BGN Temukan Banyak Mitra SPPG Mark Up Bahan Baku Program MBG

CNN Indonesia
Rabu, 25 Feb 2026 20:07 WIB
Wakil Kepala BGN Nanik Sudaryati Deyang mengungkap masih banyak mitra SPPG yang diduga melakukan mark up harga bahan baku pangan untuk program MBG.
Wakil Kepala BGN Nanik Sudaryati Deyang mengungkap masih banyak mitra SPPG yang diduga melakukan mark up harga bahan baku pangan untuk program MBG. (CNN Indonesia TV).
Jakarta, CNN Indonesia --

Wakil Kepala Badan Gizi Nasional (BGN) Nanik Sudaryati Deyang mengungkap masih banyak mitra Satuan Pelayanan Pemenuhan Gizi (SPPG) yang diduga melakukan mark up harga bahan baku pangan untuk program Makan Bergizi Gratis (MBG).

Nanik mengatakan pihaknya menerima banyak laporan dari kepala SPPG terkait praktik penggelembungan harga di atas Harga Eceran Tertinggi (HET), bahkan disertai pemaksaan penggunaan bahan pangan berkualitas buruk.

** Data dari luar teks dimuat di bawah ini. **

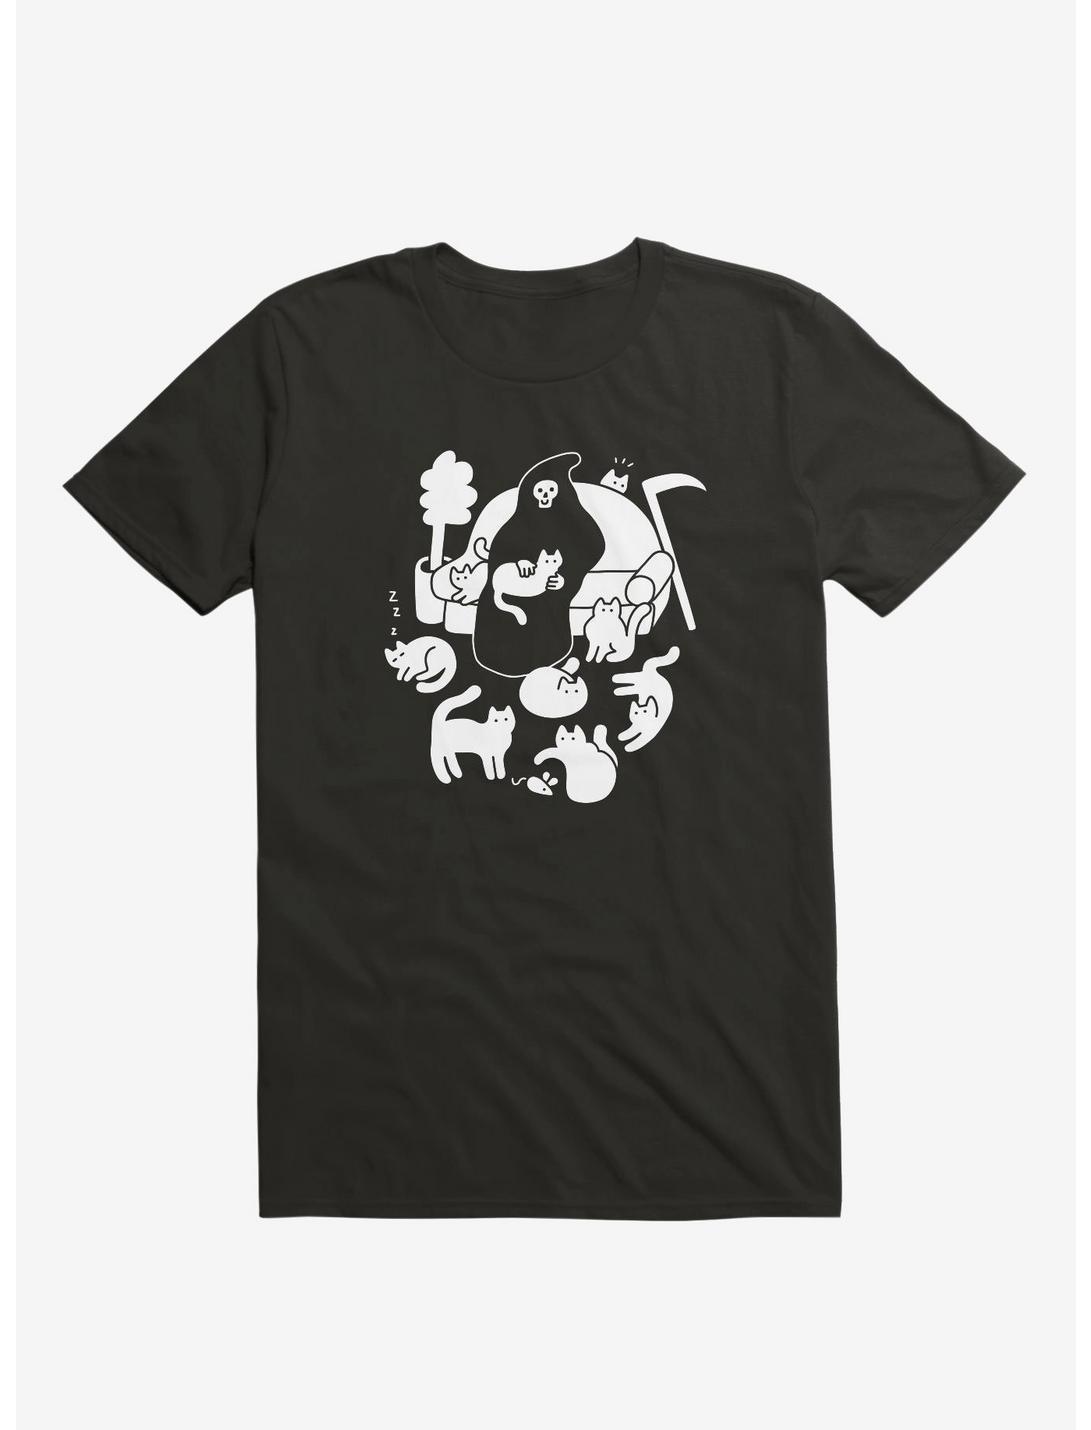 9 Lives Cat Reaper Black T-Shirt, BLACK, hi-res

"Ingat! Kepala SPPG, Pengawas Keuangan, Pengawas Gizi, jangan pernah mau mengikuti kemauan, apalagi malah bekerja sama dengan mitra SPPG yang me-mark up harga bahan baku pangan untuk program MBG ini, apalagi dengan kualitas bahan pangan yang jelek," ujar Nanik di Solo, Selasa (24/2).

ADVERTISEMENT

SCROLL TO CONTINUE WITH CONTENT

Pernyataan itu disampaikan dalam rapat koordinasi bersama 933 pengelola dapur MBG se-Solo Raya yang meliputi Kota Surakarta, Kabupaten Boyolali, Kabupaten Sragen, dan Kabupaten Karanganyar.

Dalam sesi tanya jawab, sejumlah kepala SPPG melaporkan adanya mitra yang menaikkan harga bahan pangan di atas HET serta membatasi pemasok hanya dari satu atau dua supplier tertentu.

Menanggapi laporan tersebut, Nanik memerintahkan koordinator wilayah Surakarta, Boyolali, Sragen, dan Karanganyar untuk melakukan pengecekan langsung ke lapangan guna mendata SPPG yang terdampak praktik mark up.

Ia mengingatkan kepala SPPG agar tidak berkompromi karena secara administratif dan hukum, tanggung jawab laporan keuangan tetap berada di tangan pengelola dapur.

Nanik juga mengancam akan menjatuhkan sanksi tegas berupa penangguhan (suspend) terhadap mitra yang terbukti menggelembungkan harga dan memonopoli pemasok bahan pangan.

"Kepala SPPG, silakan anda sampaikan kepada Mitra anda, kalau ada Mitra yang ketahuan memark-up harga pangan, dan hanya menyediakan satu dua supplier saja, maka akan saya suspend!" ujarnya tegas.

Menurutnya, pemasok bahan baku untuk dapur SPPG tidak boleh didominasi satu atau dua supplier yang diarahkan mitra. SPPG justru diminta memberdayakan kelompok tani, kelompok peternak, kelompok nelayan, koperasi, serta UMKM di sekitar dapur MBG sebagai pemasok.

Ia menegaskan koperasi yang dilibatkan bukan koperasi bentukan mitra untuk mengakali aturan.

Selain itu, SPPG dilarang menolak pasokan dari petani, peternak, maupun nelayan kecil secara sewenang-wenang. Pengelola dapur bahkan diwajibkan membina pelaku usaha lokal agar dapat menjadi supplier resmi.

"SPPG harus menggunakan minimal 15 supplier bahan baku pangan untuk memenuhi kebutuhan masing-masing," kata Nanik.

Pelibatan pelaku usaha lokal tersebut, lanjutnya, telah diatur dalam Peraturan Presiden Nomor 115 Tahun 2025 tentang penyelenggaraan MBG.

Dalam Pasal 38 ayat (1) disebutkan penyelenggaraan MBG memprioritaskan penggunaan produk dalam negeri serta pelibatan usaha mikro, usaha kecil, perseroan perorangan, koperasi, Kopdes Merah Putih, dan BUMDesa.